Two countries which do not maintain the exchange rate of their currency within announced margins notified the Fund that they were using currency baskets to guide them in the setting of exchange rates. In February 1981 Iceland began to let the rate of the króna follow the trade and payments-weighted average of exchange rates. The Icelandic authorities consider this temporary practice, which was adopted mainly because of the unsettled exchange rate situation in early 1981, as one of several guidelines for the conduct of exchange rate policy. Also in February 1981, Yugoslavia permitted the exchange rate of the dinar to fluctuate within margins of 8 per cent around a basket of 11 currencies representing the relative importance of those currencies in Yugoslavia’s total payments. Within the band, the exchange rate of the dinar is determined in accordance with certain indicators, such as relative producer prices and Yugoslavia’s current account position.

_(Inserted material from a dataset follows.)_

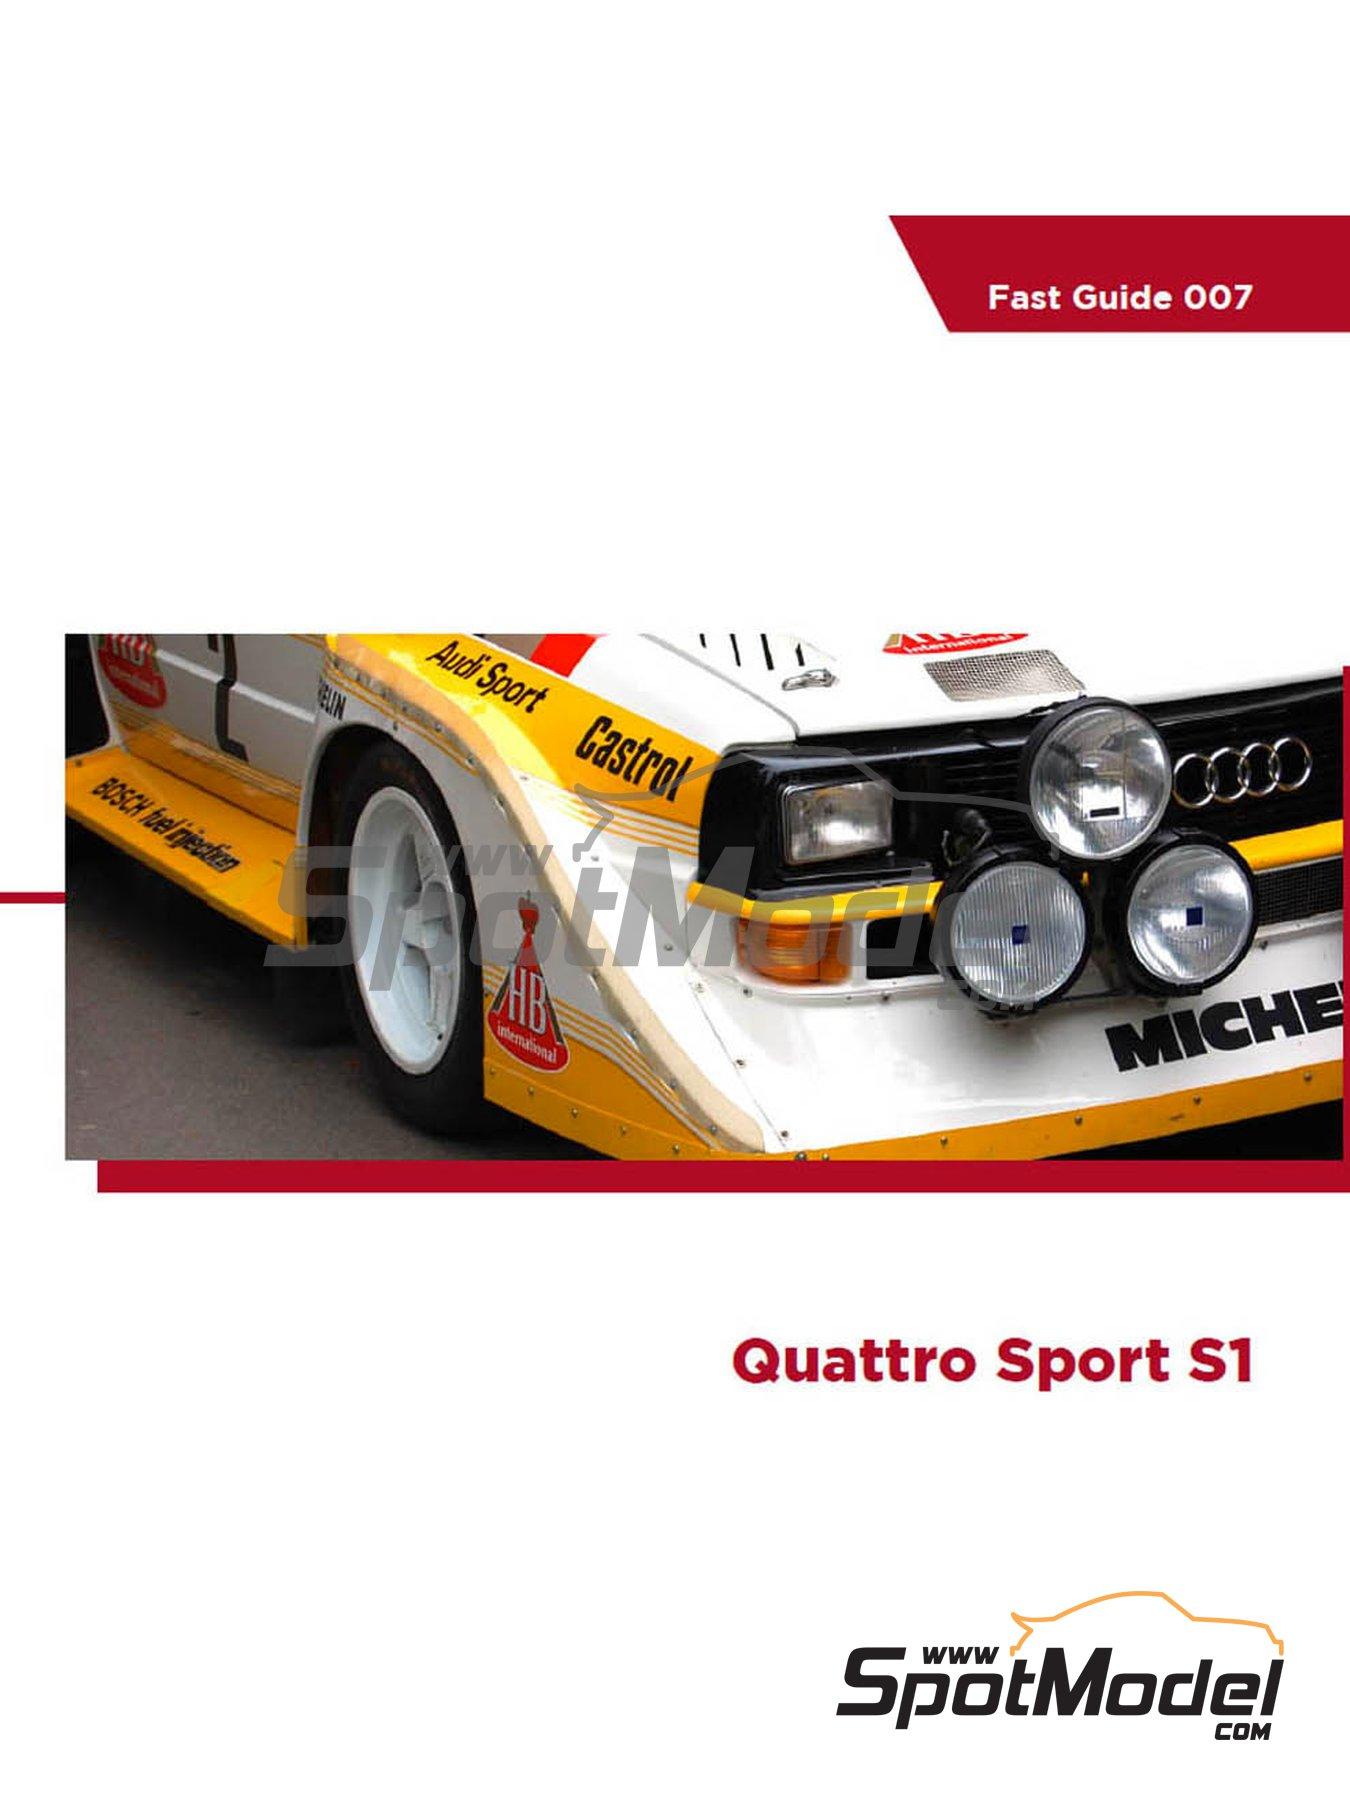 Audi Quattro Sport S1 | Reference / walkaround book manufactured by Komakai (ref.KOM-FG007) image

Two countries, whose currencies are pegged to country-specific currency baskets, adjusted the margins around the peg. Bangladesh raised the margins for fluctuations of the effective exchange rate of the taka in January 1980 from plus or minus 2.5 per cent to plus or minus 3.5 per cent. However, together with the devaluation of the taka in terms of the pound sterling in October 1980, the margins were reduced to plus or minus 1 per cent. In January 1980 Finland reduced the upper and lower fluctuation limits of its currency index from 121 and 114 to 119 and 112, respectively. The previously mentioned revaluation of the markka in March 1980 was effected within the new fluctuation limits.

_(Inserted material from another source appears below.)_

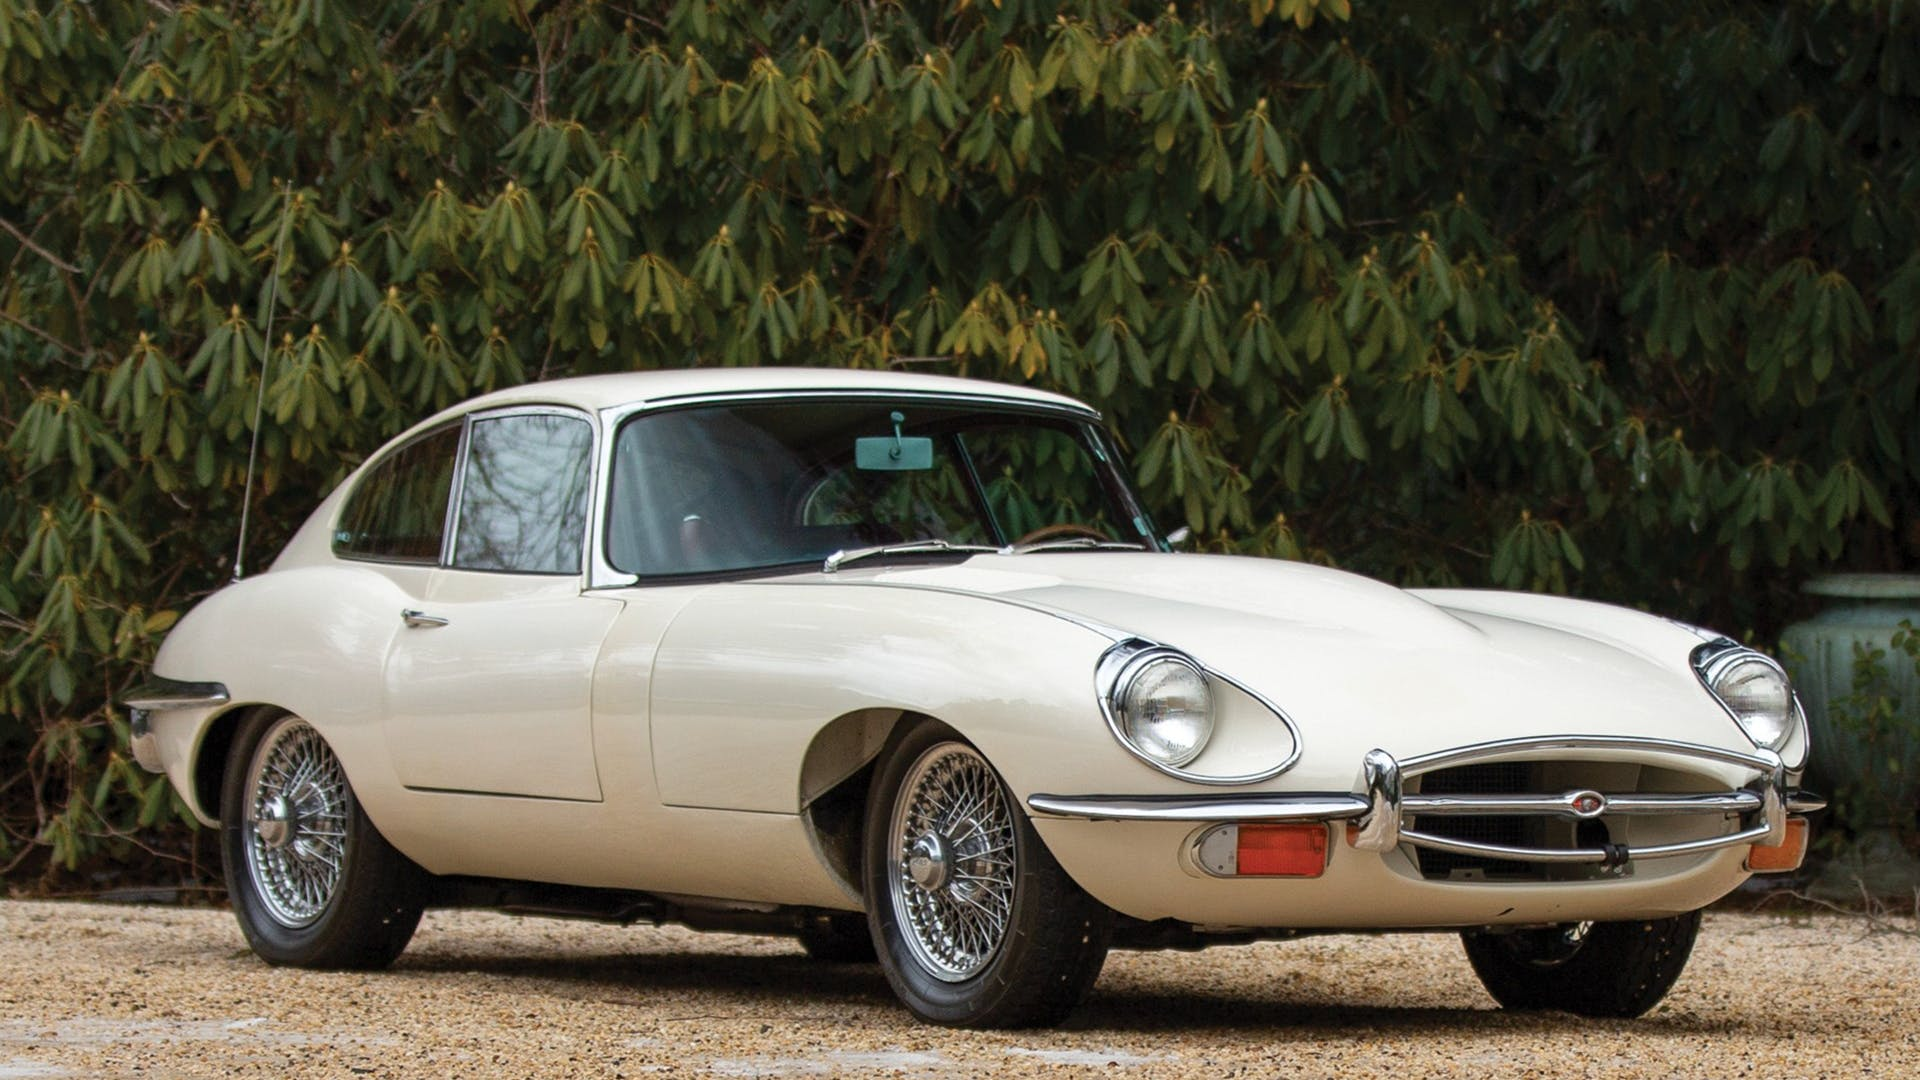 1969 Jaguar E-Type Series 2 4.2-Litre Fixed Head Coupe

There was only one change in intervention currency notified during the review period when Papua New Guinea replaced the Australian dollar with the U.S. dollar for this purpose in April 1980.
New currencies were introduced by four members. In March 1981 Equatorial Guinea replaced the ekuele by a new currency, the epkwele, at the rate of one to one. At the start of 1981 Iceland issued a new monetary unit. Although the official name, the króna, was retained for the new unit, its value is one hundred times that of the old one. The new króna is divided into 100 aurar. Old notes and coins were to remain legal tender until mid-1981, but the Central Bank was prepared to exchange new currency for old until the end of 1982. In February 1980 Israel introduced a new national currency, the shekel, equivalent to ten times the Israel pound, which it is to replace after a transitional period during which both currencies will circulate with each other. Finally, Lesotho began issuing a national currency, the maloti, in January 1980. The maloti is pegged at par to the South African rand, which continues to be legal tender.